Somewhere in an alternate universe raccoons don't go apeshit when they hit puberty, and foxes aren't obnoxiously loud and piss everywhere. And they are just your spicy flavour of home pets.
This is one of the things I don't understand about people who think having tigers as "pets" is a good idea.
I've had a cat randomly decided to latch on to my arm, claws, teeth, and all a few times. Not a lot. Just a few. Obviously I was fine. Now imagine this house cat weighs 450 lbs. Not super confident that I'm going to be fine in that scenario.
Well, cats learn how to bite without causing damage. Tigers aren't socialized with humans, so they learn the levels of bite appropriate to other tigers.
I feel like the standard zookeeper line would be "because these are apex predators, and their presence would have an incredibly adverse effect on any ecosystem they're introduced to".
The order is Carnivora. So by your logic, cats are microbears too. Not a bad attempt, but I don't think that's satisfying enough for bear lovers. You're right they are more related to dogs than to cats (superfamily Canoidea), but that's still not enough. We need an Ursidae pet, that's the only way.
I was at the Calgary Zoo last week and I watched a blonde bear being hunted relentlessly by two darker bears. The consensus was that they were playing and everyone was having a good laugh, but the longer it went on, the less the blonde bear appeared to be having fun. But the darker bears just kept going. I couldn't help but wonder, what if the blonde bear was going to be eaten by the other bears, and he's just trapped in this exhibit, doomed to run perpetual circles until he finally collapses and gets ripped apart by the others?

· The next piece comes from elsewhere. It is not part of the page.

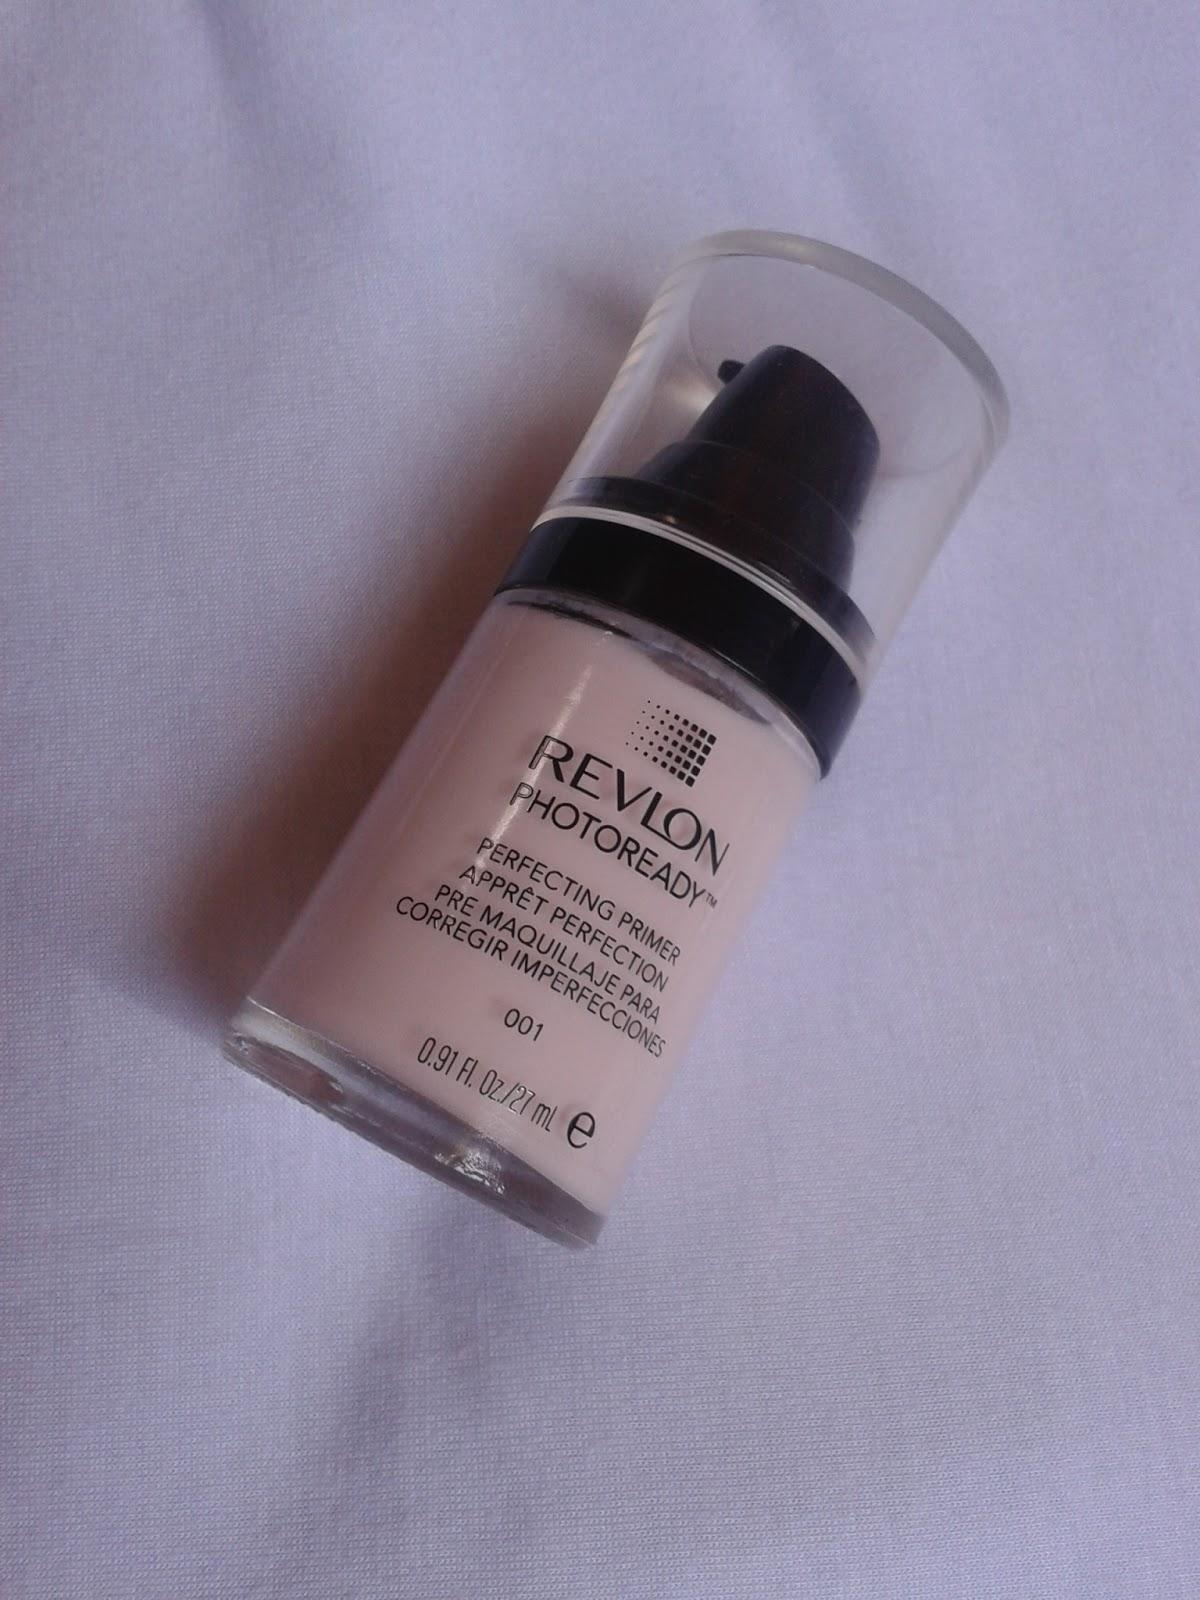 Revlon PhotoReady Concealer, Light Medium, 0.11 Oz Revlon photoready foundation 003

I don't know where the fuck I was going with this one. I just wanted to rescue that blonde bear from his cruel friends. Maybe he'd make a good candidate for a housebear. I didn't get a photo of him, but I did manage to snap this awkward pic of a meerkat.
"I swear that North American Puppy at the zoo wanted me to rub its belly, if it weren't for the glass! We had a connection, I could just tell, I'm not crazy!"
Now you've said that I want a real life, living horse that I could put in my pocket. Imagine everyone carrying around their pocket horse, getting them out for tiny races, slipping them a blade of grass to munch on, whimsical as fuck
I totally love the energy of the poster in OPs image, it's so warm and wholesome.
That said, it's probably true that cats (and dogs for that matter) have a variety of coat patterns because of domestication. Not only do humans choose to breed pets for their coat variations, selecting for tamer, friendlier animals actually also just introduces a variety of differences from their wild counterparts. Coat color is one of them.
But the [related traits from domestication] as a whole, with its diverse array of affected morphological traits, clearly cannot be caused simply by alterations of adrenal function. What, therefore, might be the common factor? What all of these diverse traits, including the adrenals, share is that their development is closely linked to neural crest cells (NCCs). NCCs are the vertebrate-specific class of stem cells that first appear during early embryogenesis at the dorsal edge (“crest”) of the neural tube and then migrate ventrally throughout the body in both the cranium and the trunk, giving rise to the cellular precursors of many cell and tissue types and indirectly promoting the development of others (Carlson 1999; Hall 1999; Gilbert 2003; Trainor 2014).
Edit: the adrenal gland is mentioned here because lessening the function of the "flight or flight" response appears to makes friendlier animals with better temperament for domestication. The idea is that domestic animals were selected for temperament first, and everything else is less important (why would you keep an animal that won't stop biting you?).
Yeah; I don't have the spoons to give a supporting link but I remember that being borne out in the fox-domestication experiment, as well (along with other traits that seemed to align with the domestication process – as well –, such as floppy, folded ears); same reason domesticated cattle have developed spots.